Bier, Korn, Erdnussautomat
Und nun erst beginnt eine Geschichte, die ziemlich einzigartig ist. Die junge Familie mit drei kleinen Jungs übernahm die Gastwirtschaft „Felsenkeller“ in Schonungen. „Das war damals so eine typisch deutsche Wirtschaft mit Bier, Korn und Erdnussautomat“, erinnern sich die Söhne, die sozusagen in der Wirtschaft groß wurden.
„Wir haben gleich auf griechische Küche gesetzt“, erinnert sich Vaso Didi. Am Anfang gab es zwar das eine oder andere Murren, aber die Schonunger waren schnell von den Vorzügen der griechischen Küche überzeugt. Erst kamen die Jungen, die älteren zogen nach und bald schon war der „Felsenkeller“ wieder das, was er immer war – die Dorfwirtschaft für alle Fälle. Mehr als 39 Jahre sind seither ins Land gezogen, man muss lange lange suchen, bis man eine griechische Wirtschaft findet, die so lange in einer Hand war.

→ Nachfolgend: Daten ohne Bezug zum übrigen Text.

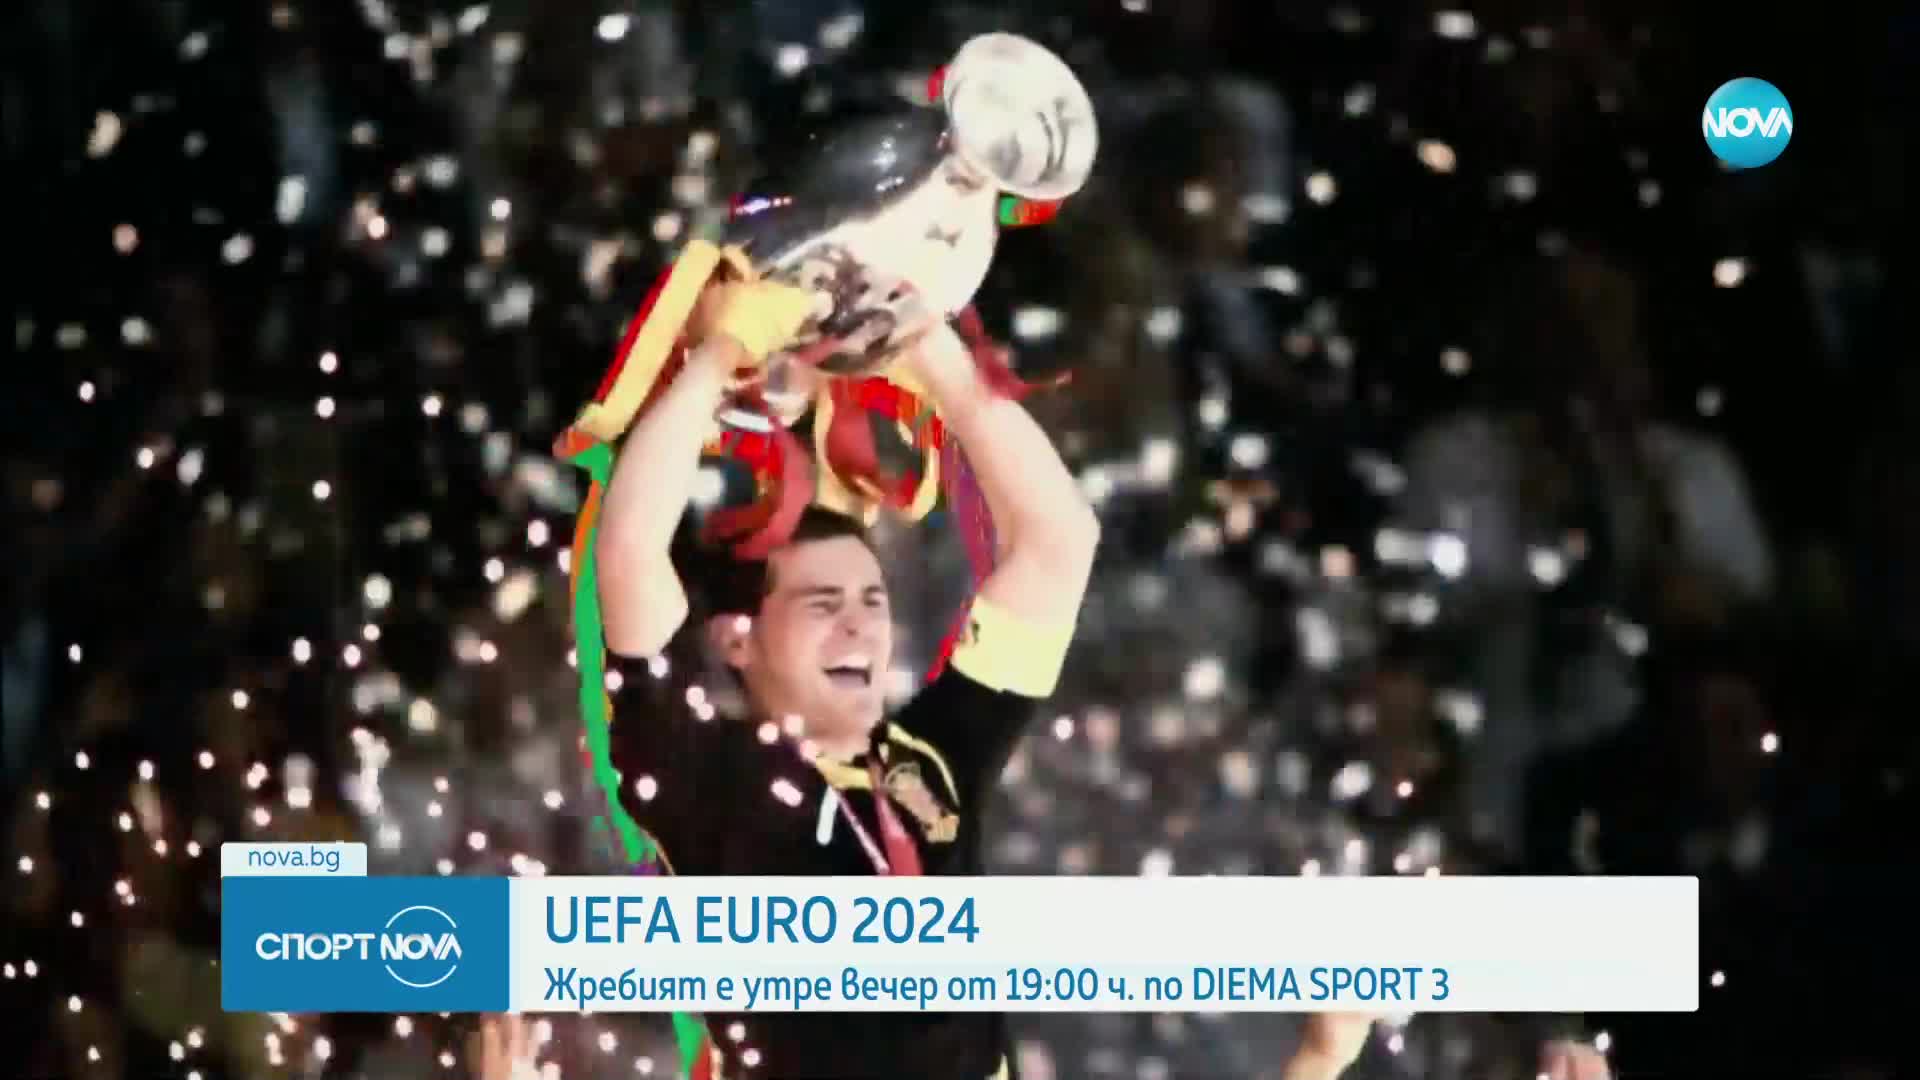 Нова Броудкастинг Груп и Българската национална телевизия обявиха партньорство за UEFA EURO 2024™

„Viele gute und schöne Jahre“, erinnert sich Evangelos Didis. Viel Arbeit und Jahr für Jahr ein längerer Urlaub in der alten Heimat. Bei der Familie und bei Freunden auf dem Land versteht sich „auf der Akropolis war ich noch nie“, gesteht Vaso Didi lächelnd. Freie Wochenenden, früher Feierabend – Alles Fehlanzeige. Für so ein Leben, das weiß Evangelos Didis ganz genau, braucht man die richtige Frau.
Ganz wichtig: Die richtige Frau
Die hat als Köchin ihren guten Teil dazu beigetragen, dass sich der Felsenkeller als griechisches Restaurant einen klingenden Namen gemacht hat. So verging Jahr um Jahr „Das 25-jährige haben wir eine Woche gefeiert“, erinnern sich die beiden. Immer wieder mal gab es illustre Gäste, wie zum Beispiel vor noch gar nicht langer Zeit Reinhold Geiss, bekannt als Vater von Robert Geiss, dem männlichen Teil der bekannten Jetset-Fernseh-Familie „Die Geissens“.
Solche Erlebnisse sind Geschichte, am 15. Juli ist Schluss. Evangelos Didis hat dann mehr Zeit sich die Fußballspiele seines geliebten „Piräus Athen“ anzuschauen. „Uns bleibt nur uns ganz herzlich bei unseren Freunden und Gästen für all die Jahre zu bedanken“, meint Evangelos Didis gerührt.
Erst einmal steht nach 55 Jahren in Deutschland ein längerer Heimaturlaub an, die Didis werden aber häufiger zurückkommen, die Söhne und natürlich die Enkel leben ja hier. „Die sind hier aufgewachsen, aber ihre Wurzeln reichen bis nach Griechenland, sind alle selbstständig als Geschäftsinhaber oder in der Reisebranche und haben sich eine eigene Existenz aufgebaut“.
Und was wird aus dem Felsenkeller? Der wird wohl Mitte August wieder aufgemacht. „Wir haben einen Nachfolger gefunden, wieder ein Grieche“. Die Schonunger müssen also auch künftig nicht auf Calamari & Co verzichten.